» **Required work**: Up to and including the line that contains "High Seas Pirate", write out each line of the material from its first line, exactly.

» **Data for this exercise**:
Start of Block
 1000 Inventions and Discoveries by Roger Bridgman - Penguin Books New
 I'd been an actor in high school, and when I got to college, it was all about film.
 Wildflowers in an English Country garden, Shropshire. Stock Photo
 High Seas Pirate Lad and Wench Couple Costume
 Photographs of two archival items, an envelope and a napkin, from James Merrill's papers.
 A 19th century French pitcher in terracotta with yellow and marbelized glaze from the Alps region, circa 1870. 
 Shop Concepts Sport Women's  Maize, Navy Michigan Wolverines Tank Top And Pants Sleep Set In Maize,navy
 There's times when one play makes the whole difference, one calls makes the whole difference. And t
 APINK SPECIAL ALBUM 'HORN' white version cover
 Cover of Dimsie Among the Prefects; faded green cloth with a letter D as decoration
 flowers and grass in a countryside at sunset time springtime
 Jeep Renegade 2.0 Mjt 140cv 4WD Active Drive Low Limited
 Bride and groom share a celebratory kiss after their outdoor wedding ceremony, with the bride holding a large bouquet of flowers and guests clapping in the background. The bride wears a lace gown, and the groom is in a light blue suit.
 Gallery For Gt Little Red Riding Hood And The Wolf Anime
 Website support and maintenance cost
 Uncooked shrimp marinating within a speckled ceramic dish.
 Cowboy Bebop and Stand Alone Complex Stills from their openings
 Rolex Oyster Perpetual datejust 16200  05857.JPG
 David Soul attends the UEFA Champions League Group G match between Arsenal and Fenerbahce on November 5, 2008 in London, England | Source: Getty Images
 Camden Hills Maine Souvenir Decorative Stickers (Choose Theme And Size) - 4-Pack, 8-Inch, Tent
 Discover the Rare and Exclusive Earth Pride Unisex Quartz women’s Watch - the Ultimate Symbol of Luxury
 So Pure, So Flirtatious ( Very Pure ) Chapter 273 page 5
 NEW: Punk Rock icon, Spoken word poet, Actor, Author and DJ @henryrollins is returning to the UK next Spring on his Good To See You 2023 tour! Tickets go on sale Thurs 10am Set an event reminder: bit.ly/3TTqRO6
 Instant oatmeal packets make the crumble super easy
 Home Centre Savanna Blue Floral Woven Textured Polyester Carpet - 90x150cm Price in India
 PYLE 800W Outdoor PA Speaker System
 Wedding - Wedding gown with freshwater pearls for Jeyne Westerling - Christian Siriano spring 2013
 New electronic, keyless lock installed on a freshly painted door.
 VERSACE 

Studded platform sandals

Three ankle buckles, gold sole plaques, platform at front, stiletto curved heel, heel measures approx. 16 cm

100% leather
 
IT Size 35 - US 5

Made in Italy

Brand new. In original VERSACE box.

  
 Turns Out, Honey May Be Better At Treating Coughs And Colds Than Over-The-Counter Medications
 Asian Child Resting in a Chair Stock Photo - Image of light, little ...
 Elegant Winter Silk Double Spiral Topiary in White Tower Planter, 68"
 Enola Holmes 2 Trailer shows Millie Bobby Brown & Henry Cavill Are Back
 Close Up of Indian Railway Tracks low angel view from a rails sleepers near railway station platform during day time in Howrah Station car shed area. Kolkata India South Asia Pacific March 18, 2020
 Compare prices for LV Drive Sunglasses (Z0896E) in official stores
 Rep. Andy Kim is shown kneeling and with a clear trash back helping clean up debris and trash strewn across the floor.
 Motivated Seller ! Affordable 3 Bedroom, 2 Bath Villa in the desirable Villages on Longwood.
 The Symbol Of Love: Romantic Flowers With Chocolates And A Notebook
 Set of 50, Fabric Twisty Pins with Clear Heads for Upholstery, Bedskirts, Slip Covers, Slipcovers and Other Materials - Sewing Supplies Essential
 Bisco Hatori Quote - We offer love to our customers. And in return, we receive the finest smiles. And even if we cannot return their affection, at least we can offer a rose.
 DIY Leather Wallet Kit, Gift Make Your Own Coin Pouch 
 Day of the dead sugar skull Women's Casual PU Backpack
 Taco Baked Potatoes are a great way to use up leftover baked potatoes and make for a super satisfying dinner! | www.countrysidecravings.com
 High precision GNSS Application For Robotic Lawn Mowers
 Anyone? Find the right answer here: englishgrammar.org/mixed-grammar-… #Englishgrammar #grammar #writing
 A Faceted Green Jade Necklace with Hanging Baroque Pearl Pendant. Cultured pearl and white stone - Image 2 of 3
End of Block
» **Expected answer**:
 1000 Inventions and Discoveries by Roger Bridgman - Penguin Books New
 I'd been an actor in high school, and when I got to college, it was all about film.
 Wildflowers in an English Country garden, Shropshire. Stock Photo
 High Seas Pirate Lad and Wench Couple Costume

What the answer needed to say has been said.